1.6 What will it look like?
1.7 What is wrong with using ICD?
1.8 What makes it different? Is it yet another coding system?
1.9 How is GALEN different from the UMLS ?
1.10 Can GALEN and existing coding and classification schemes co-exist?
1.11 How does GALEN relate to existing standards activities?
1.12 What do we mean by Application Independence and Re-Use ?
1.13 What about Medical Records?
1.14 "Oh, so it's all about smart cards, is it?"
1.15 What about KBS and Decision Support?
1.16 What about natural language?
1.17 What about speech?
1.18 What happens next?

1.1 What is GALEN?

GALEN is the name given to a technology that is designed to represent clinical information in a new way, and is intended to put the clinical into the clinical workstation . GALEN produces a computer-based multilingual coding system for medicine, using a qualitatively different approach from those used in the past.

The GALEN Programme represents the overall development of the technology, which has included several EU-funded Research Projects (the GALEN & GALEN-IN-USE projects).

OpenGALEN is a not-for-profit organisation that has been formed to enable the widest possible exploitation of some of the results of the GALEN Programme.

1.2 What does it do?

GALEN is trying to make it easier to build useful and usable clinical applications, to support clinicians in their day-to-day work. We have identified one of the factors that makes it hard to build and integrate such applications - the need for representation of the medical concepts that such applications have to store and manipulate.

The GALEN Programme is developing a clinical terminology - the GALEN Common Reference Model - in which we can represent all and only sensible medical concepts. The medical concepts represented using that scheme must be accessible and manipulable by computers, as well as being accessible to clinicians. The representation scheme that we are using to build the GALEN Common Reference Model is known as GRAIL - the GALEN Representation And Integration Language. The GALEN Common Reference Model is delivered and used via a software device called a GALEN Terminology Server; we have found that, to be usable, clinical terminologies must now be software rather than data-sets.

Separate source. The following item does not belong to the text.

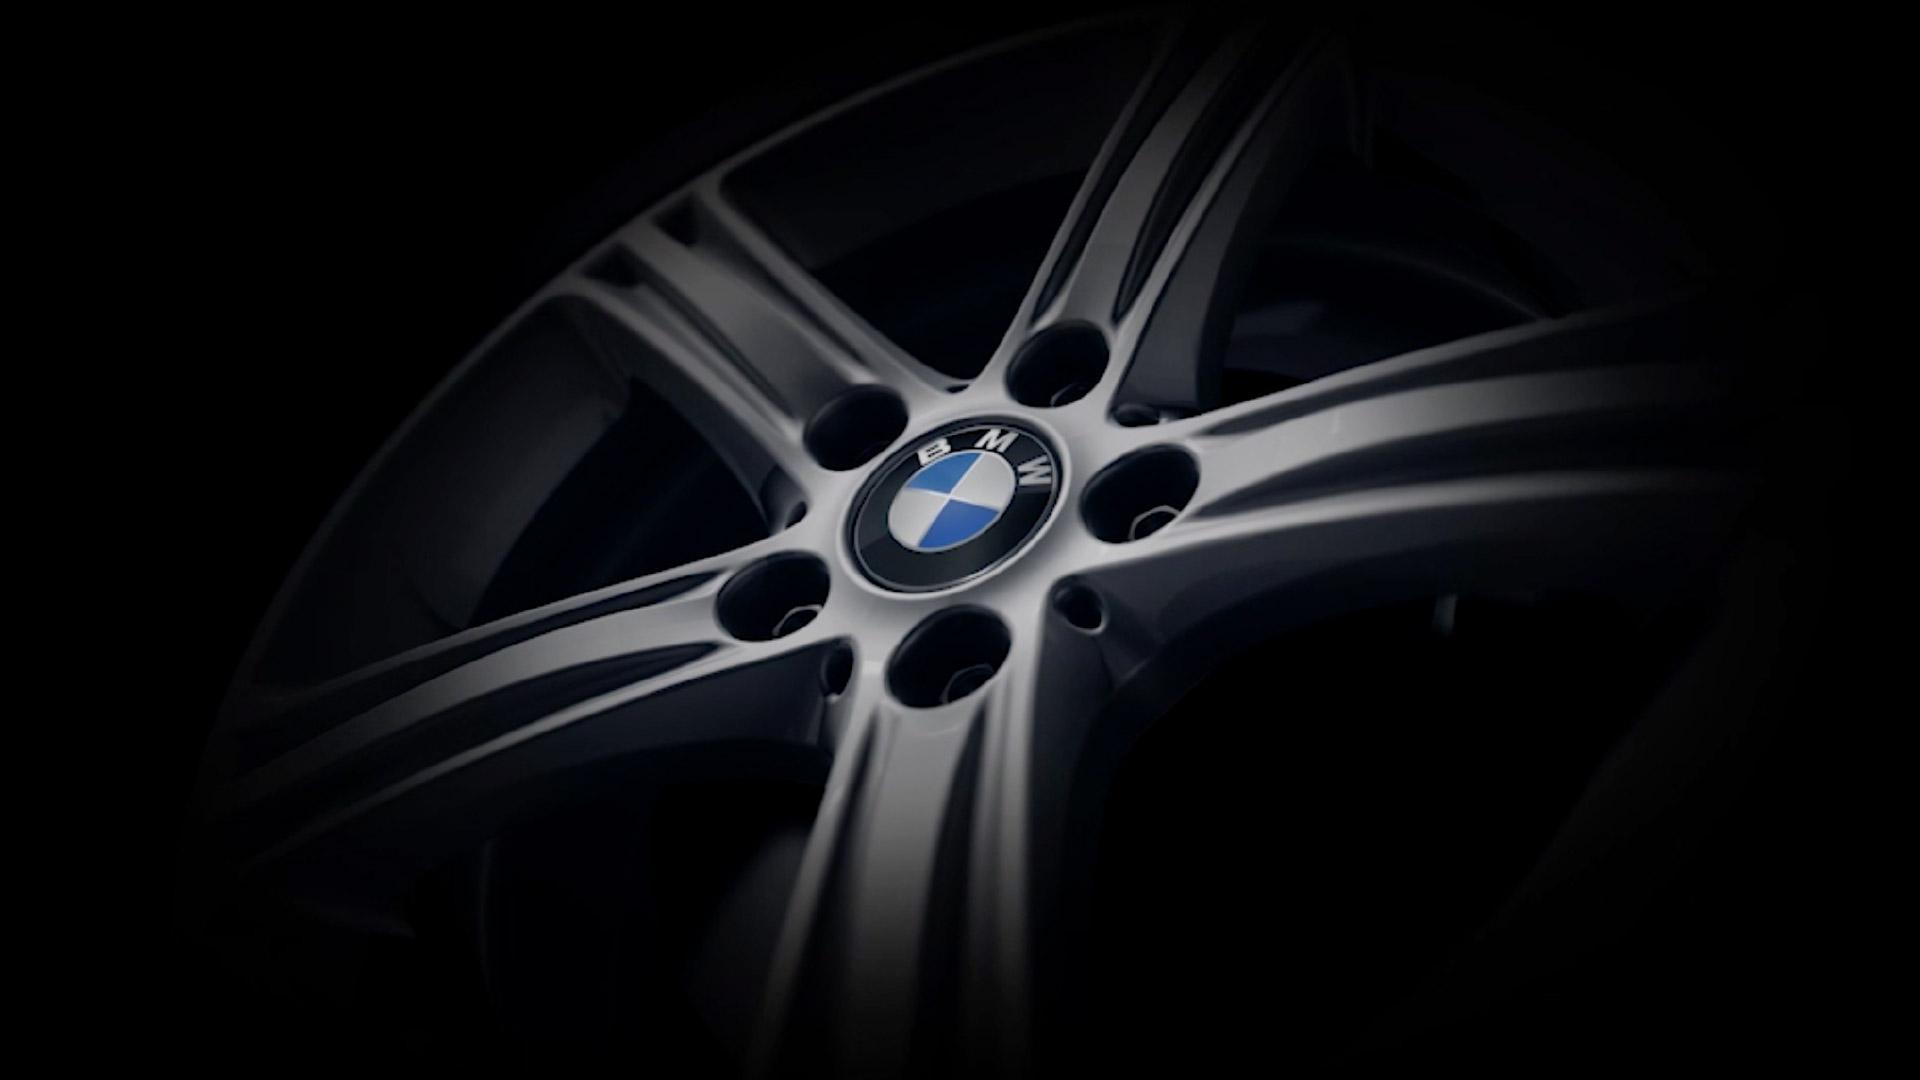 BMW-Poster-Frame.jpg
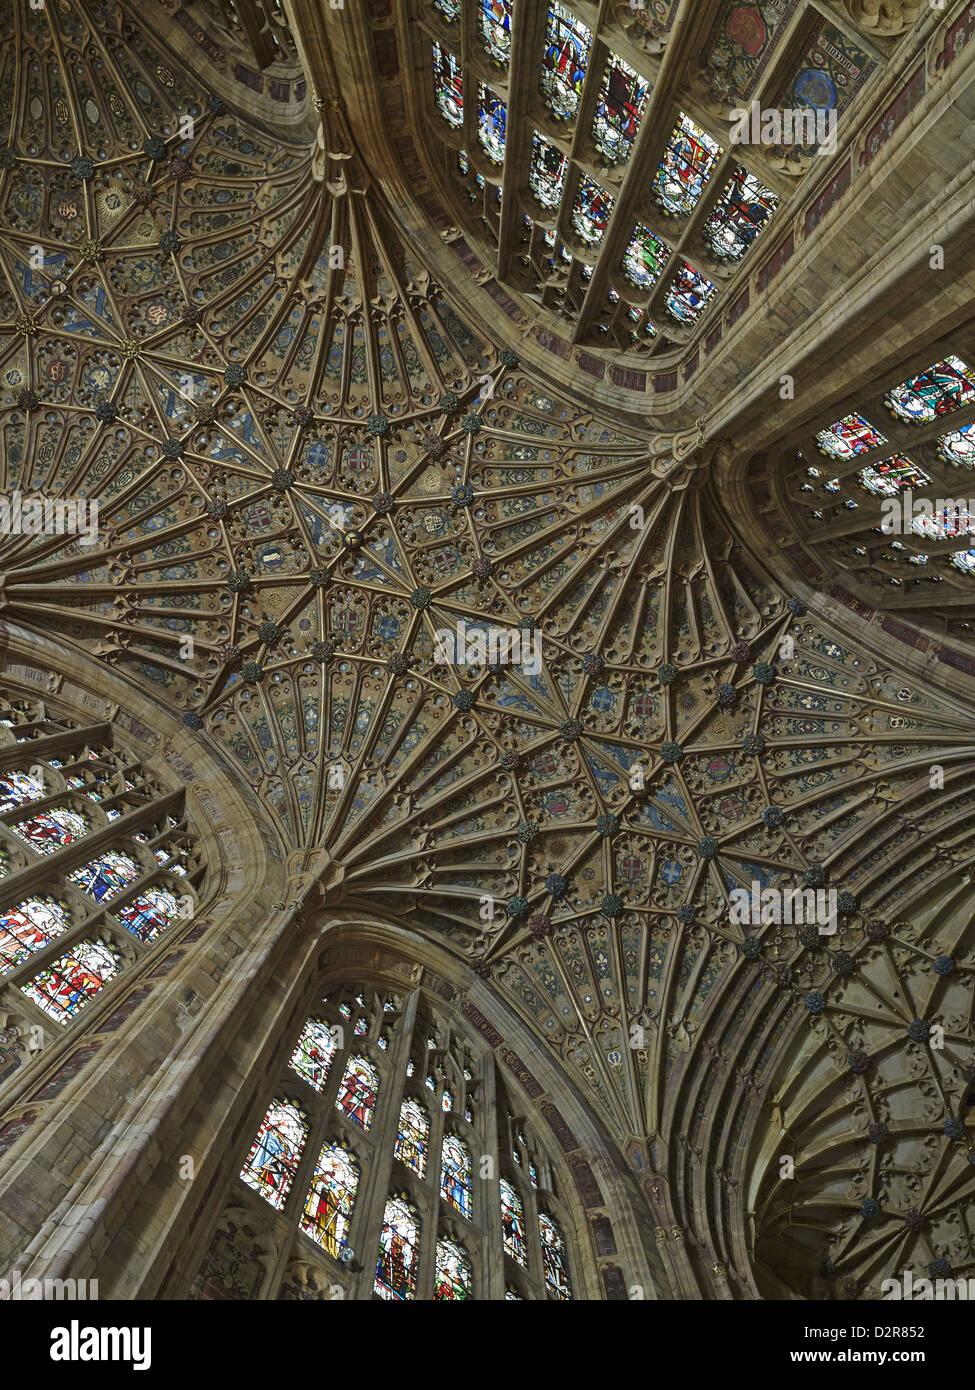 Sherborne Abbey, choir fan vaulting - Stock Image

The GALEN Technology - the GALEN Common Reference Model written in GRAIL, and its delivery by GALEN Terminology Servers - intended to support the requirements of individual applications for multilingual clinical terminology, to mediate amongst existing and new systems, and to facilitate the development of new systems.

1.3 How did it develop?

The impetus for the development of GALEN emerged at the end of the 1980s, during user-interface prototyping for a clinical workstation (PEN&PAD), and exploratory work funded by the EU (the SESAME & OAR projects).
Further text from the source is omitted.